Ulama’ memerhatikan validitas kebenaran bertingkat-tingkat dengan mempertimbangkan
jumlah manusia, yang membawa kebenaran. Secara umum hadis dapat dibagi menjadi
beberapa jenis sesuai dengan perspektif yang digunakan.Pada pembahasan ini klasifikasi
hadis ada dua yaitu berdasarkan kuantitas dan kualitas.
a. Hadis berdasarkan kuantitas
1. Hadis Mutawatir
Hadis yang diriwayatkan oleh orang banyak sejak awal sanad sampai akhirnya, yang
menurut kebiasaan mustahil mereka bersepakat untuk berdusta. sebuah hadis dikatakan hadis
mutawatir jika memenuhi beberapa persyaratan, yakni:
a. Diriwayatkan oleh banyak periwayat
b. Adanya keyakinan bahwa mereka tidak mungkin sepakat untuk berdusta.
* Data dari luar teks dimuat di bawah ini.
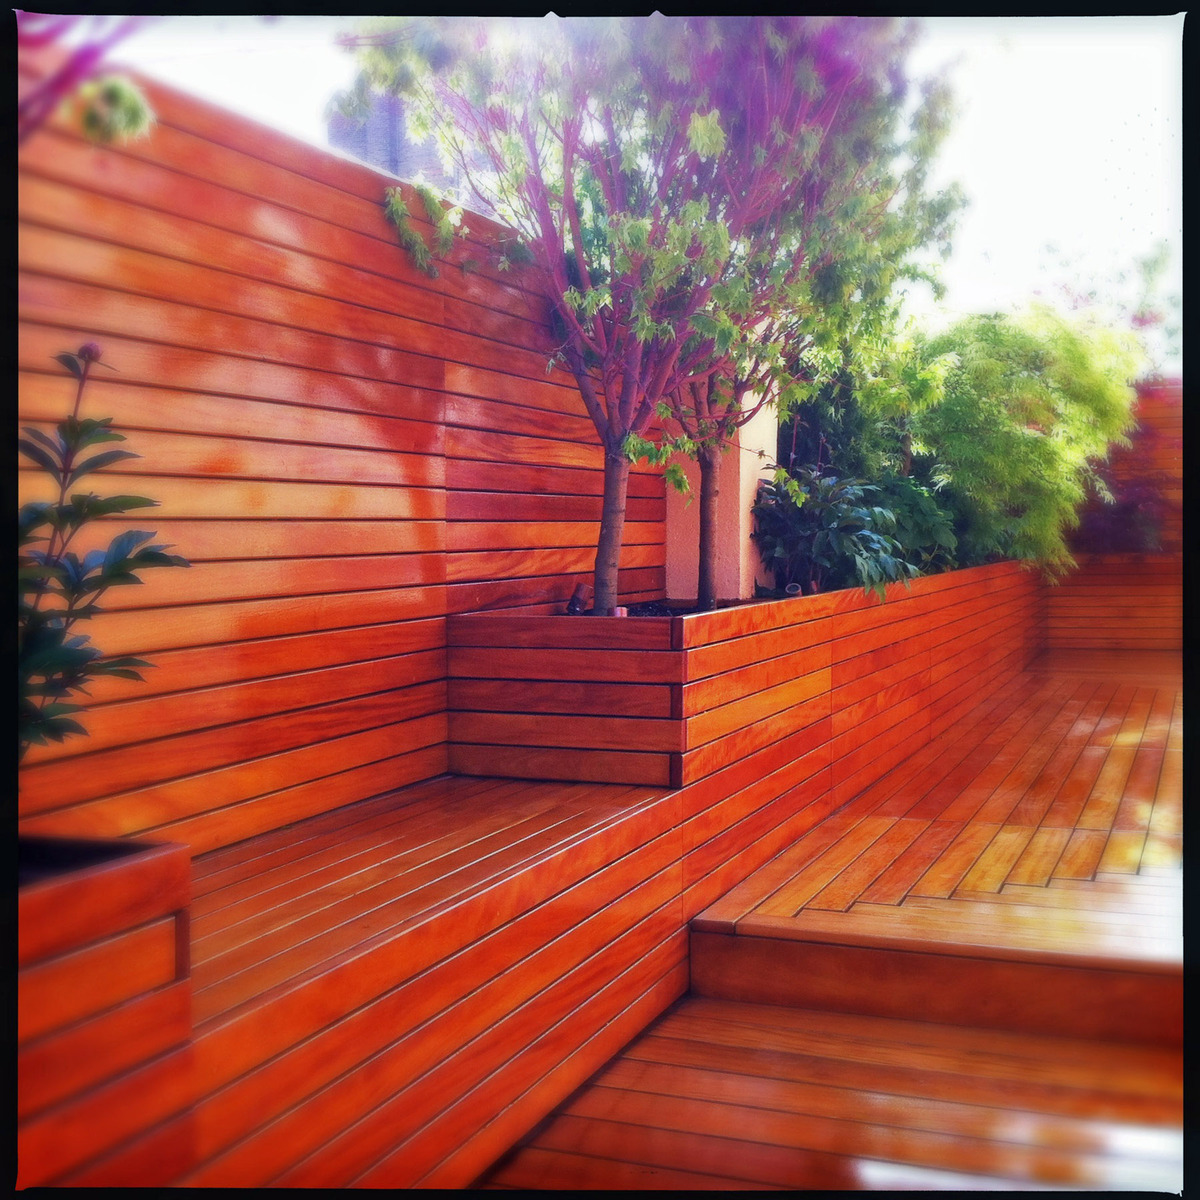 Nyc Garden Design 4 top tips about rooftop garden in nyc Nyc Garden Design Rooftop Zen Garden For Yoga Studio

c. Adanya jumlah periwayat yang sama (keseimbangan) pada tiap-tiap jalur sanad
d. Berdasarkan tanggapan panca indera.
2. Hadis Ahad
hadis ahad ialah hadis yang tidak memenuhi syarat-syarat hadis mutawatir. Para ulama
membagi hadis ahad menjadi tiga jenis, yaitu:
a. Hadis Masyhur (sesuatu yang sudah tersebar atau popular)
b. Hadis ‘Aziz (yang mulia, yang jarang, yang kuat)
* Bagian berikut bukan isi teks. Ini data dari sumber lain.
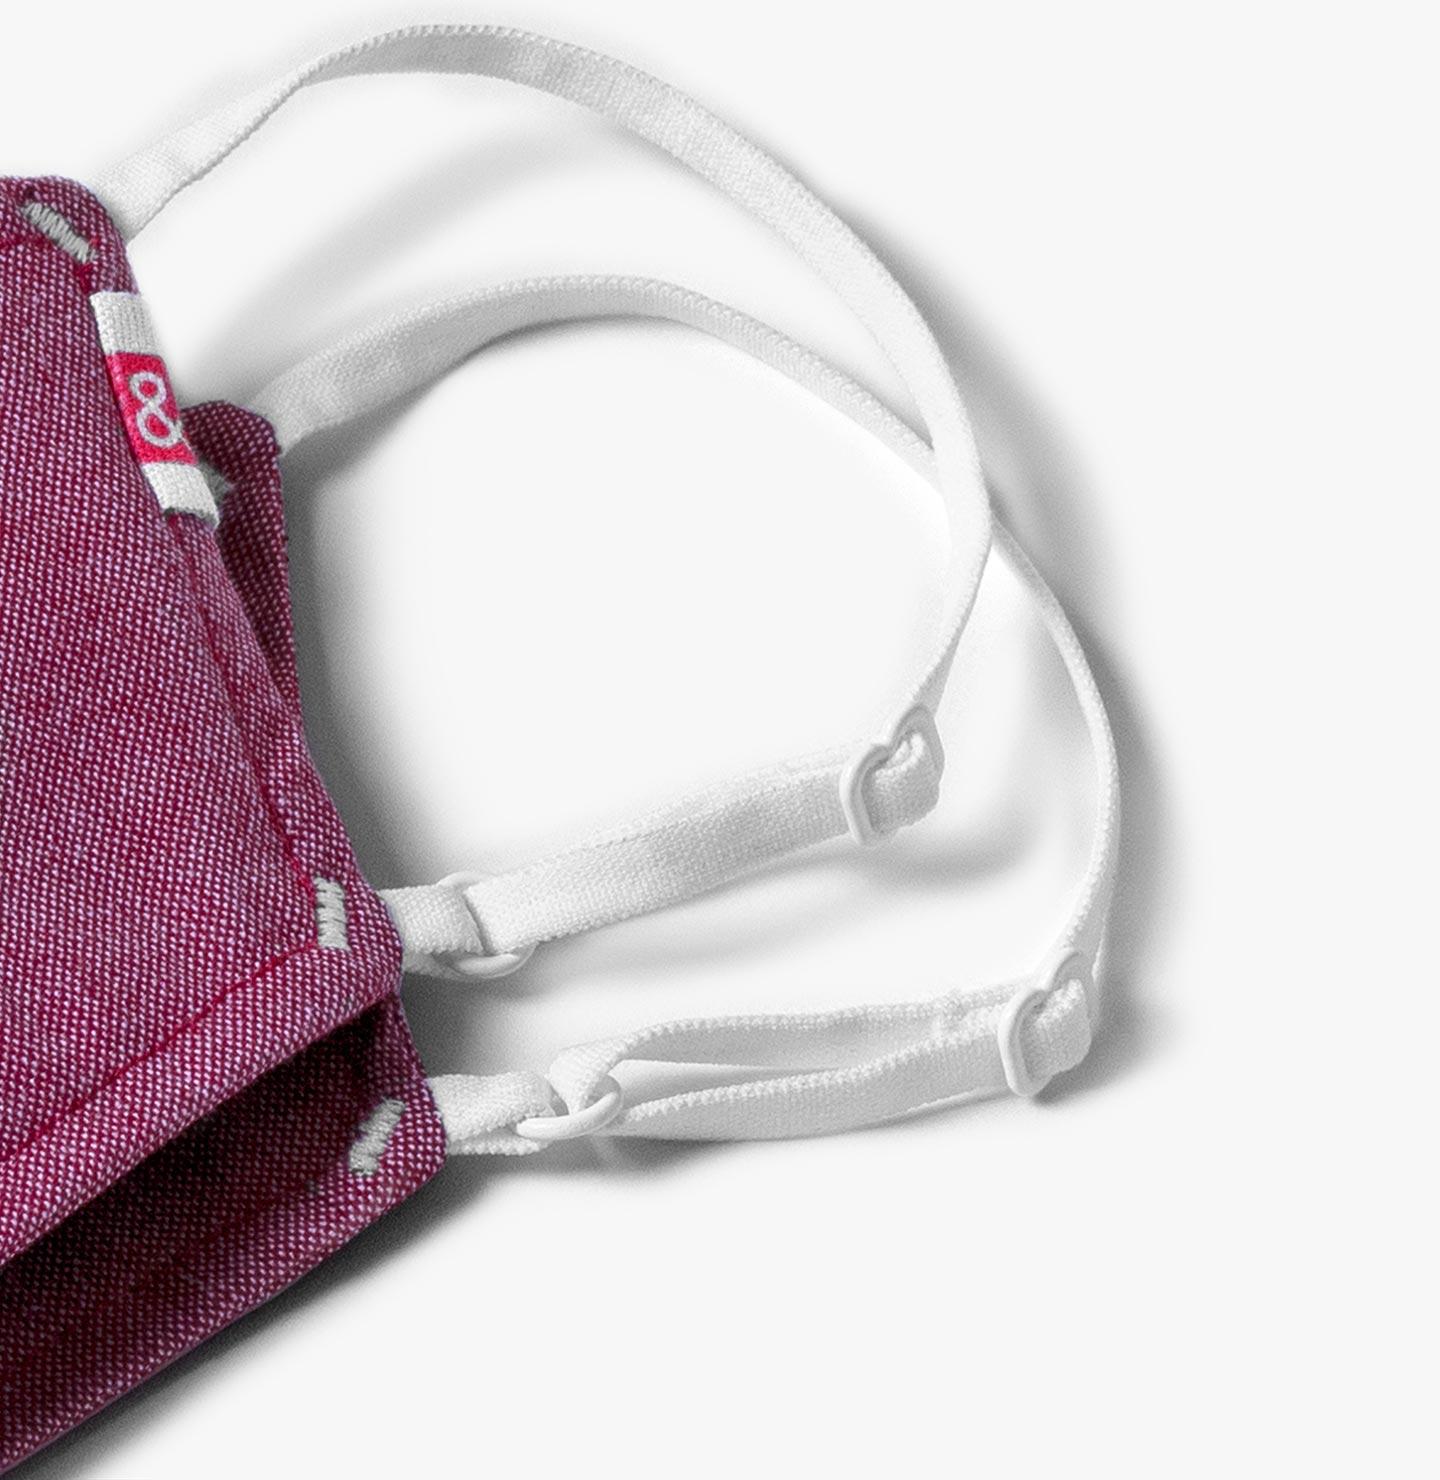 Adjustable Elastic Ear Straps

c. Hadis gharib(yang sulit dipahami)

b. Hadis berdasarkan kualitas


1. Hadis Shahih
Hadis Shahih adalah hadis yang sah, hadis yang sehat, atau hadis yang selamat dan
bersambung sanadnya, diriwayatkan oleh perawi yang adil dan dhabit dan tidak terdapat
kejanggalan dan cacat.
2. Hadis Hasan
Hadis hasan adalah hadis yang sanadnya bersambung, diriwayatkan oleh orang yang adil
tetapi kurang sedikit dhabit, tidak terdapat di dalamnya suatu kejanggalan dan tidak juga
terdapat cacat.
3. Hadis Dhaif
hadis dhaif adalah hadis yang tidak memenuhi salah satu atau semua persyaratan
hadis shahih dan hadis hasan. Para ulama memperbolehkan untuk meriwayatkan hadis dhaif
dengan dua syarat:
a) tidak berkaitan dengan akidah seperti sifat-sifat Allah,
b) tidak menjelaskan hukum syara’ seperti hala dan haram, tetapi berkaitan dengan
mau’idzah, targhib wa tarhib, kisah-kisah dan lain-lain

Fungsi Hadis
Sebagai seorang muslim keberadaan hadis merupakan hal yang tidak terbantahkan
lagi. Hadis menjadi salah satu sumber rujukan umat islam dalam melakukan berbagai
kegiatan dalam kehidupannya baik yang bersifat agamis maupun amalan-amalan sehari-hari.
Namun perlu dijelaskan bahwa kedudukan atau posisi Hadis merupakan sumber hukum
setelah Alquran yang wajib untuk dipedomani. Banyak ayat yang memberi pengakuan bahwa
hadis atau sunnah Rasul merupakan dalil dan sumber hukum kedua setelah Alquran. Dengan
demikian apa yang menjadi hadis maupun sunnah beliau merupakan interpretasi dan
penjelasan ayat-ayat sehingga menjadi rujukan kedua apabila ayat Alquran tidak menjelaskan
dengan rinci suatu persoalan.
Nabi Muahammad saw. mempunyai tugas dan peran yang sangat signifan dalam
kehidupan umat manusia. Beliau menjadi rasul atau utusan Allah swt. untuk menyampaikan
dan menjelaskan ajaran-ajaran-Nya yang termuat dalam Alquran kepada umat manusia.